Шрифт:
Интервал:
Закладка:
Ну да ладно, слишком много воды утекло.
В общем, фряги построили то, что им заказывали. Вот только выглядел их Кремль сосем не так, как нынче. Лишь Благовещенский и Успенский соборы и церковь Ризположения были точно такие же. Помните: Благовещенский и Ризположения строили именно псковичи. А Успенский собор государь Иван Третий повелел Фиорованти сделать по образцу прежней святыни послекиевской Руси — Успенского собора во Владимире. Зодчий ездил туда, провел все необходимые обмеры и в общем ни в чем не отступил от образца, добавив к нему лишь немногое, что одобрил великий князь. И облик Архангельского собора Алевиза Нового был в принципе, по требованию великого князя, традиционно русским, но тогда он не имел позднейших больших пристроек с двух сторон и стоял геометрически очень сухой, как бы голый, что выглядело непривычно для Руси. А колокольня Ивана Великого не имела двух верхних ярусов и ничего действительно великого из себя не представляла. И слитая с ней церковь-звонница Иоанна Лествечника была много ниже и не такой нарядной. Башни же Кремля все до единой лишь чуточку возвышались над стеной и представляли из себя прямоугольники с огороженными площадками наверху. То есть это были типичные крепостные башни типичного средневекового европейского замка-крепости, построенного для защиты от врага. Московский Кремль тоже существовал именно для этого, и первые каменные его стены воздвиг, как известно, еще Дмитрий Донской. Иван Третий лишь сделал их прочней и непреступней.

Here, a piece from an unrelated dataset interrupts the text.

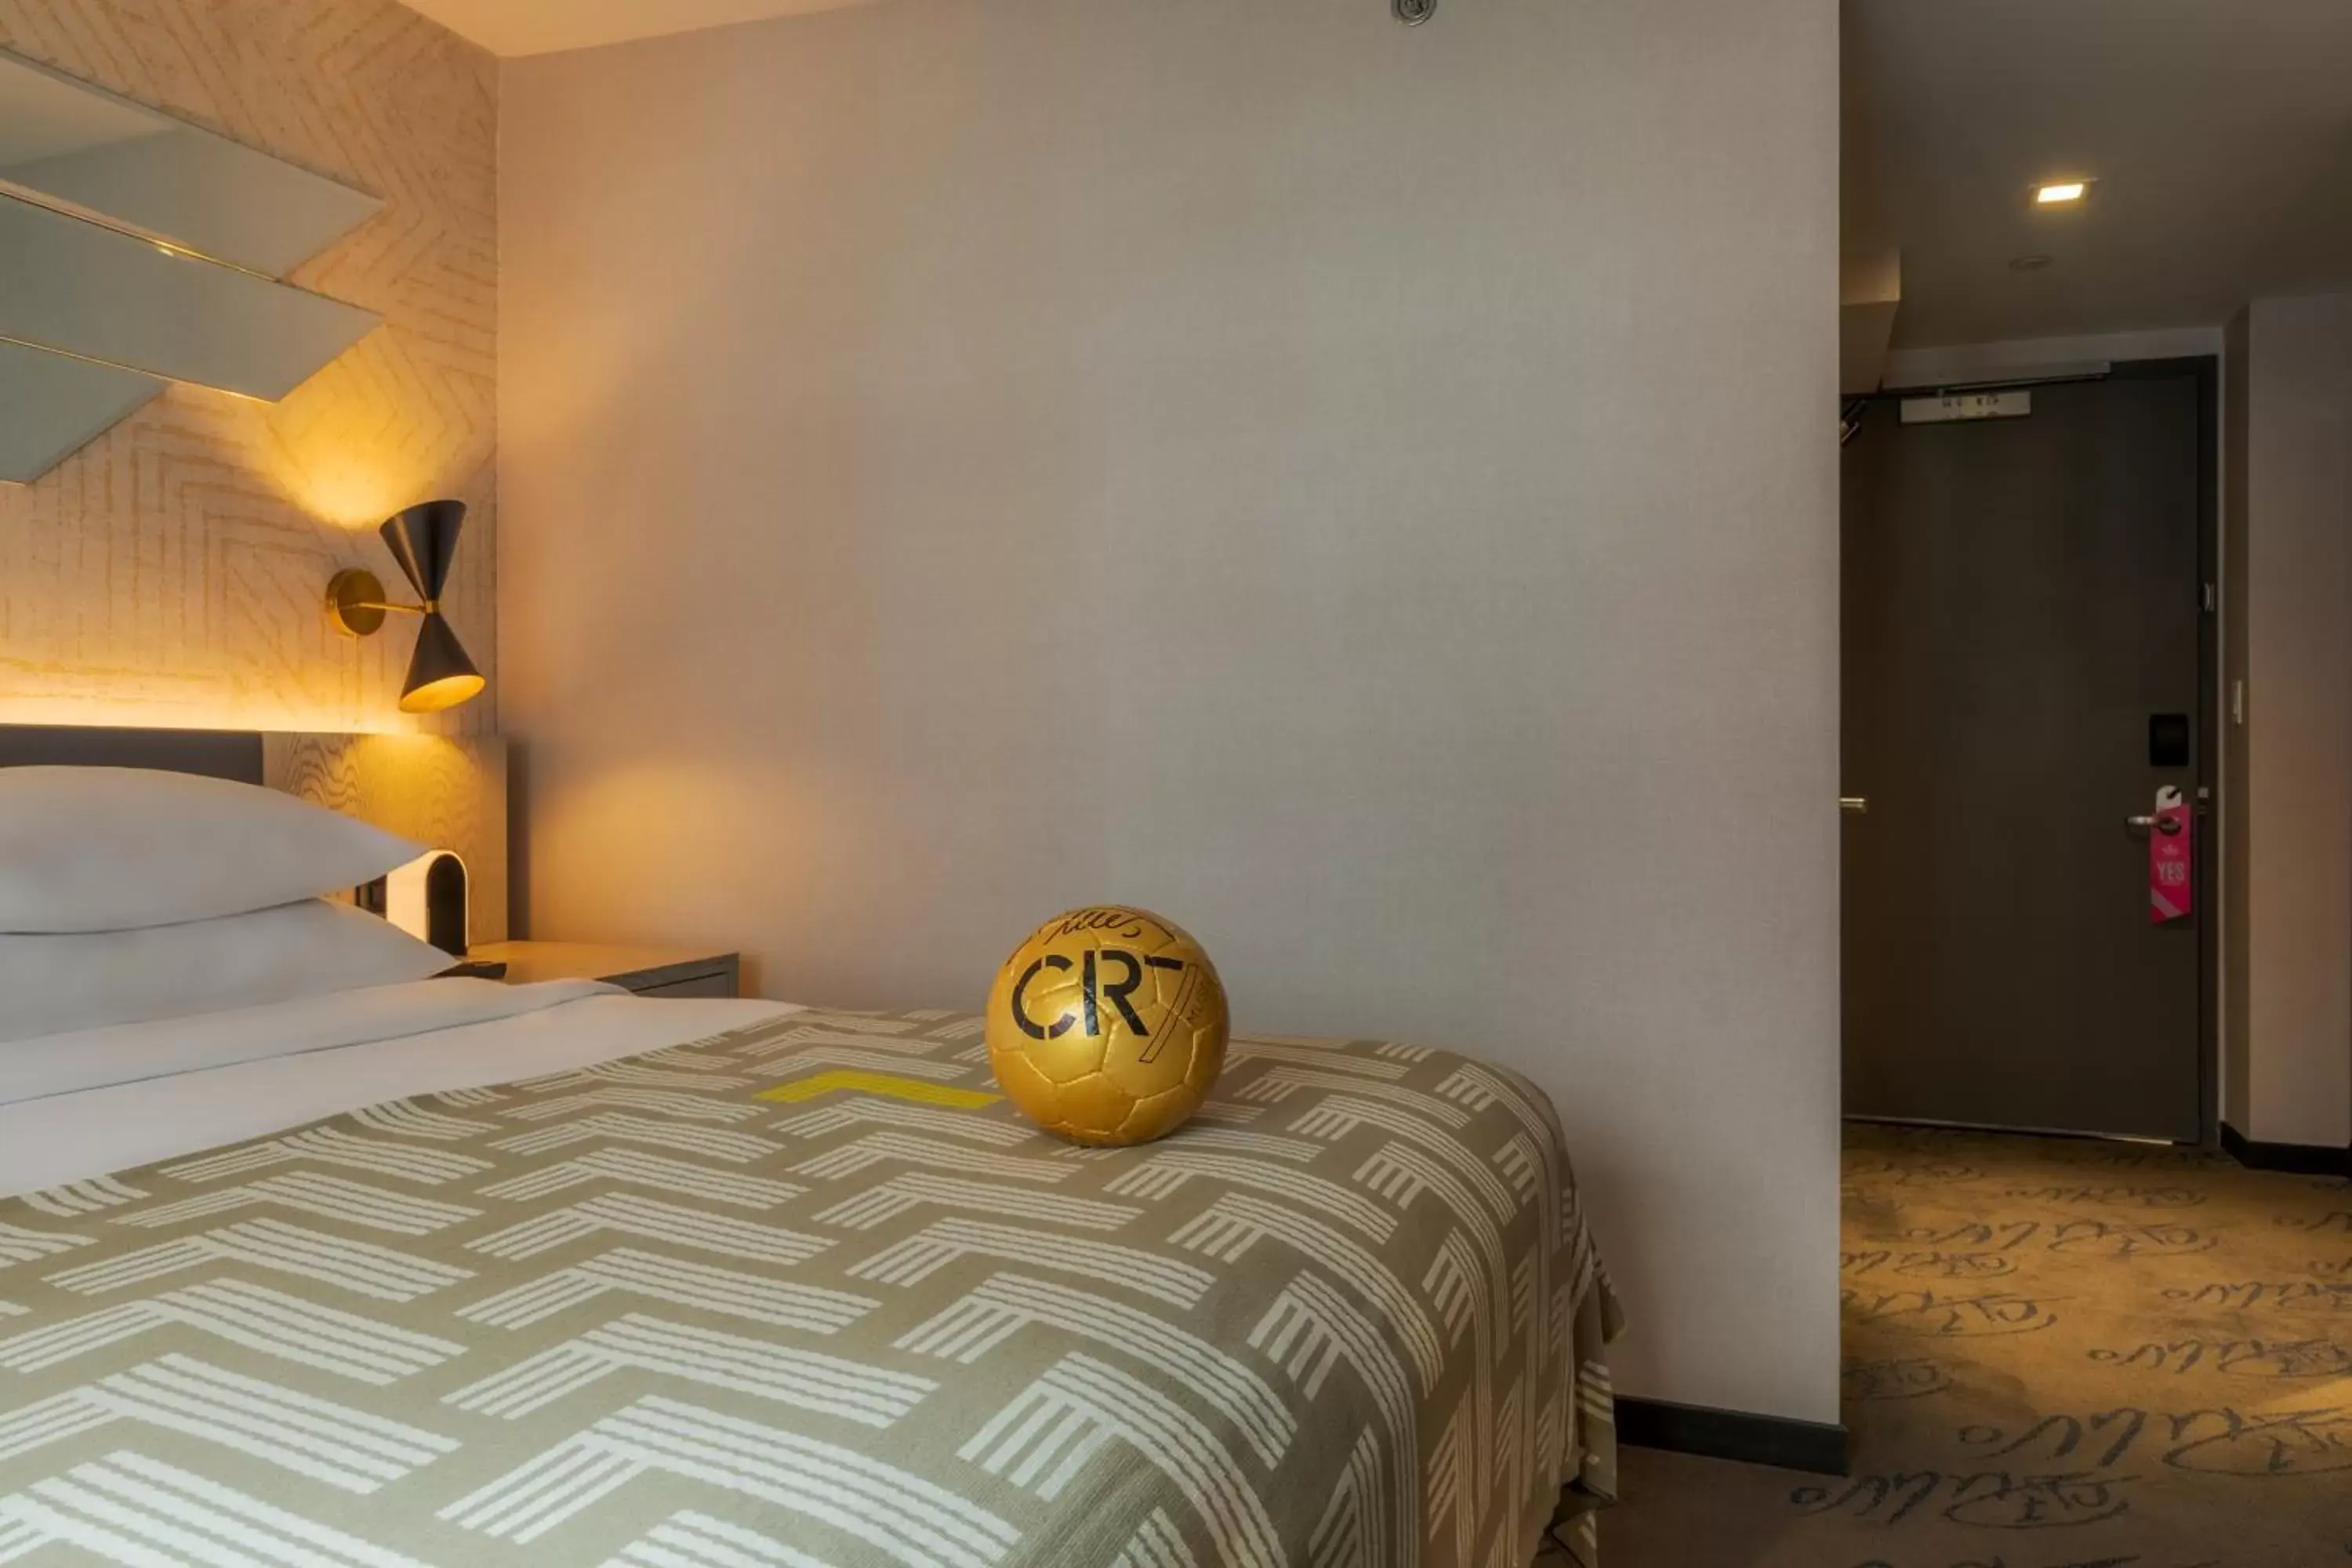 Decorative detail, Bed in Pestana CR7 Times Square

Вот только выглядел этот, сотворенный фрягами, замок в тогдашней Москве совсем чужим.
Ведь город-то за его стенами и за Москвой-рекой растекался по семи холмам почти сплошь деревянный и необычайно островерхий — теремной. Терема в два, три, четыре этажа, очень затейливые, богато изукрашенные, с крытыми галереями-переходами, резными крыльцами, верхние ярусы опоясаны круговыми балконами-гульбищами, да еще всякие выносные балкончики, светелки, навесы, выпуски, причудливые и причудливо крытые кровли, все карнизы, окна, углы, всходы, причелины в наряднейшей, иногда сплошной резьбе. И все хозяйственные постройки, все ворота и заборы — с затеями и украшениями. А уж про деревянные церкви-то и говорить не приходится — все сплошное загляденье, диво на диве. Радостный был город. Очень радостный.
И представляете, с какой скукотищей глядели современники на тот новопостроенный московский Кремль, особенно на его прямоугольные безликие тумбы-башни и стены без зубцов в виде ласточкиных хвостов. Это чувство, видимо, будоражило и грызло тогда всех, потому что уже в 1520-х годах, то есть всего через пятнадцать-двадцать лет после завершения основных строек, Василий Третий уже повелел русскому зодчему Бажену Огурцову переделать Фроловскую (Спасскую) башню. И Огурцов водрузил на гигантскую каменную тумбу с поездными воротами тот каменный чудо-шатер с курантами, который существует и поныне и который делает ее необычайно стройной и величественной.
Он же, Важен Огурцов, по желанию того же Василия Третьего вскоре возвел в Кремле и причудливый, необыкновенно нарядный каменный Теремной дворец — весь в ступеньках, разнообразных шатрах, золотых куполах, в одном месте он имел аж шесть этажей, а кровля была медная, золоченая, выложенная в шашечку.
Следом за Фроловской в ближайшие десятилетия надстроили кирпичными шатрами и другие проездные и угловые башни — все совершенно разными. А со стороны Москвы-реки небольшие башни так совсем низенькими шатрами, чтобы не загораживали панораму Кремля из Замоскворечья. И колокольня Ивана Великого была поднята на целых два яруса. И церковь-звонница Иоанна Лествечника возле нее. И к Архангельскому собору сделали сложнейшую пристройку.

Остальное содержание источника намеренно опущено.